Thank you for your kind words.

Our journeys are taking a similar path right now though I am sorry you had 4 unsuccessful operations before this point but it sounds you are in good hands now with your team who sound great.

I am doing a referral to the RM even if self paying as I haven’t had the best experience so far with my hospital team so far.

I have just finished my chemo and surgery is planned in the next few weeks, then radiotherapy

So a couple weeks ahead of you and just getting over chemo.
I have HERT2+ grade 3 in my lymph nodes so lymph node clearance as well.I was diagnosed just before Xmas.

My cancer was missed in my mammograms unfortunately but that is another story!

Funnily enough when I saw the BC nurse yesterday she showed me the tissue expander that I may have that you fill with saline,she said I might get this and they let it down before Radiotherapy and fill it up again afterwards.
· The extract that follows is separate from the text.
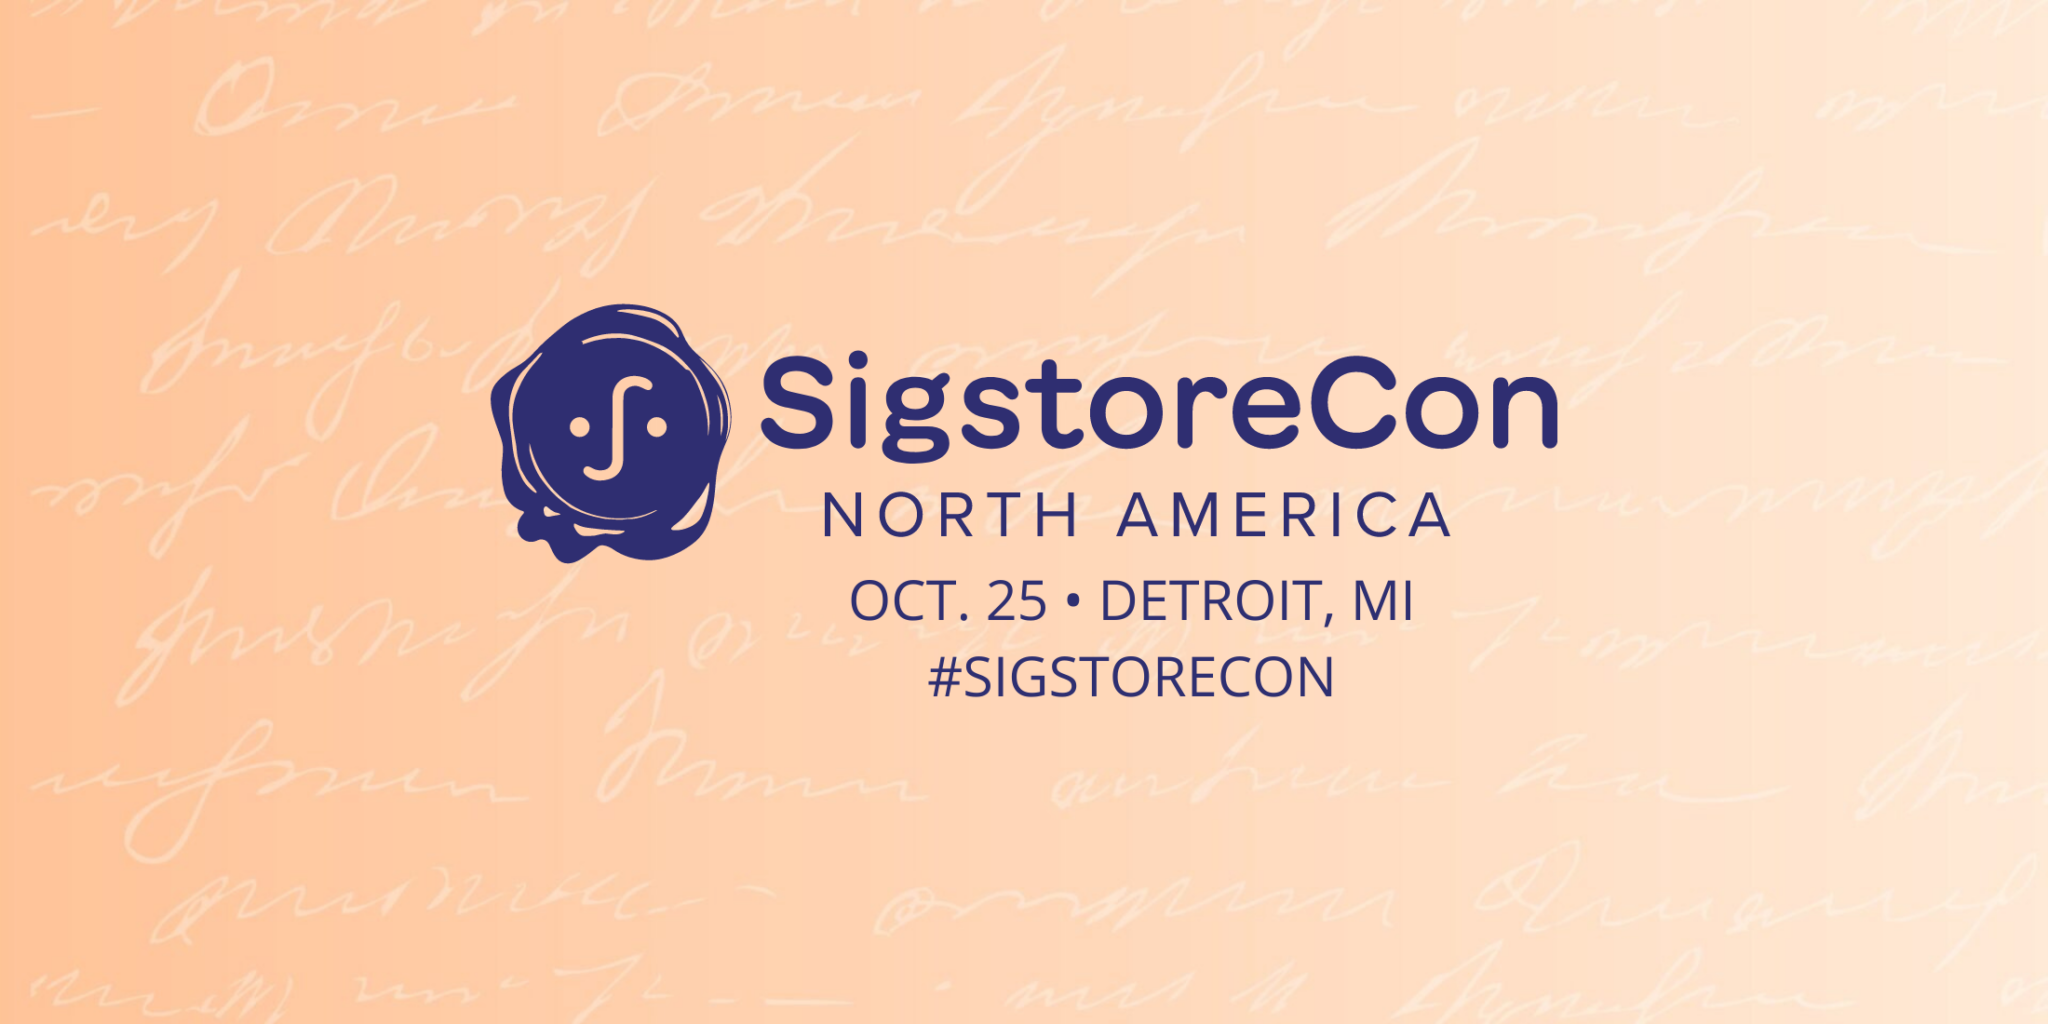 SigstoreCon North America
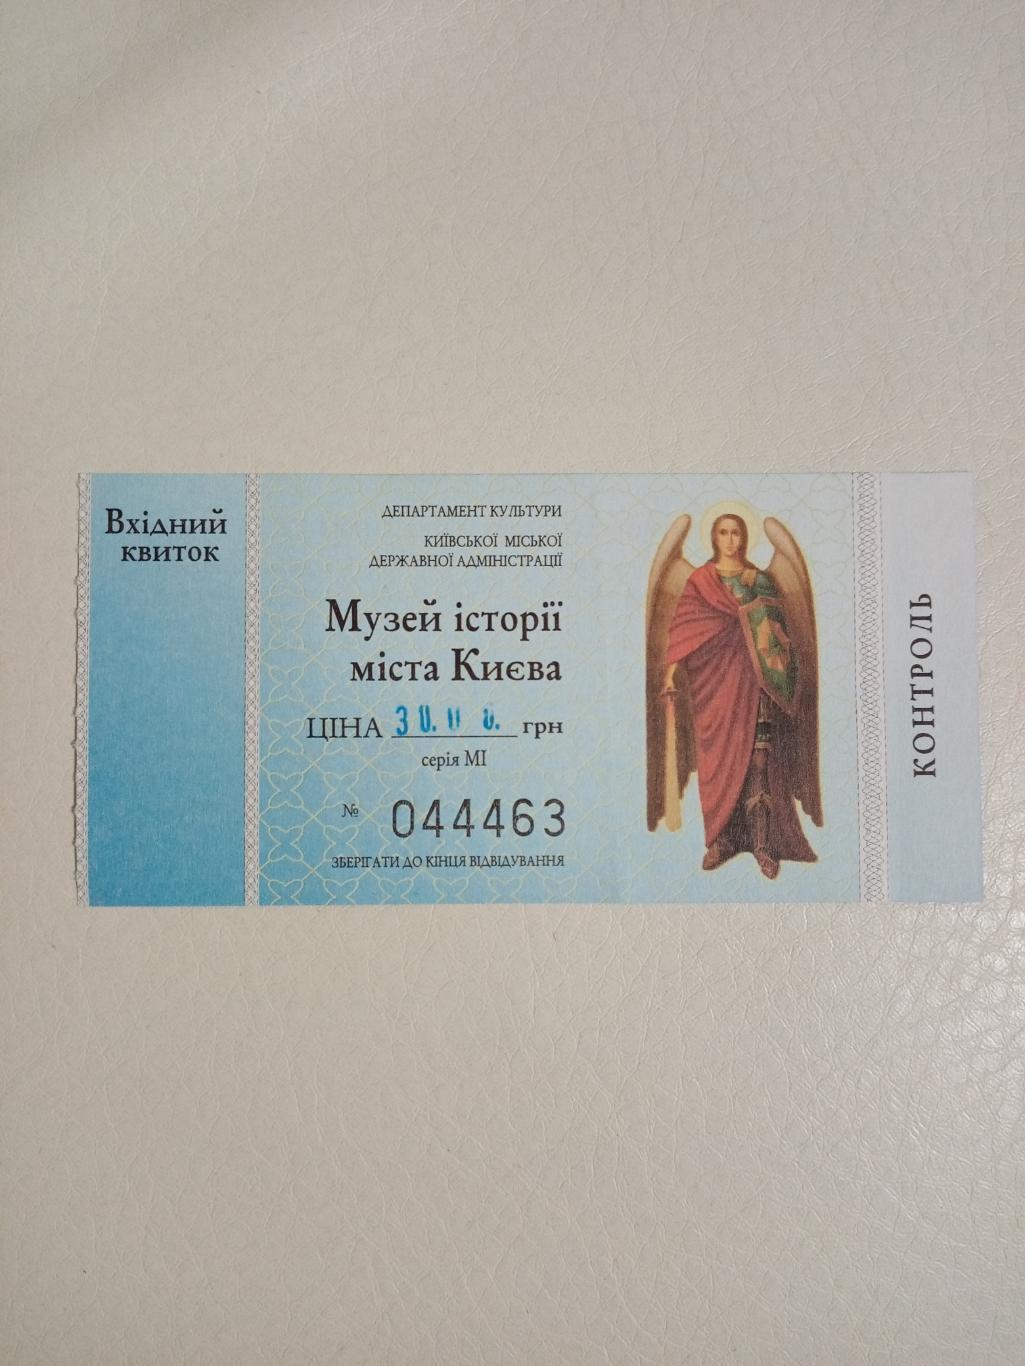 Билет в музей

She also said it can be kept in and most people keep it instead of having it removed for an implant, not sure if they said the same to you?

I have been told I can have an implant or DIEP but haven’t seen anyone to discuss this further and things keep changing unexpectedly in my treatment and I am not sure if it advised to have a DIEP then radiotherapy for instance.

I would like the contact details please and to DM would be great.

Best wishes Xx

Hi @chakakhan

Welcome to the forum.

Here’s a link for help with using the forum

Glad @salbert was able to reply regarding second opinions. I was lucky that I didn’t need one and was very happy with my consultants and treatment plan.

I’m glad your chat with the breast care nurse went well, it’s so important to get a good relationship with them.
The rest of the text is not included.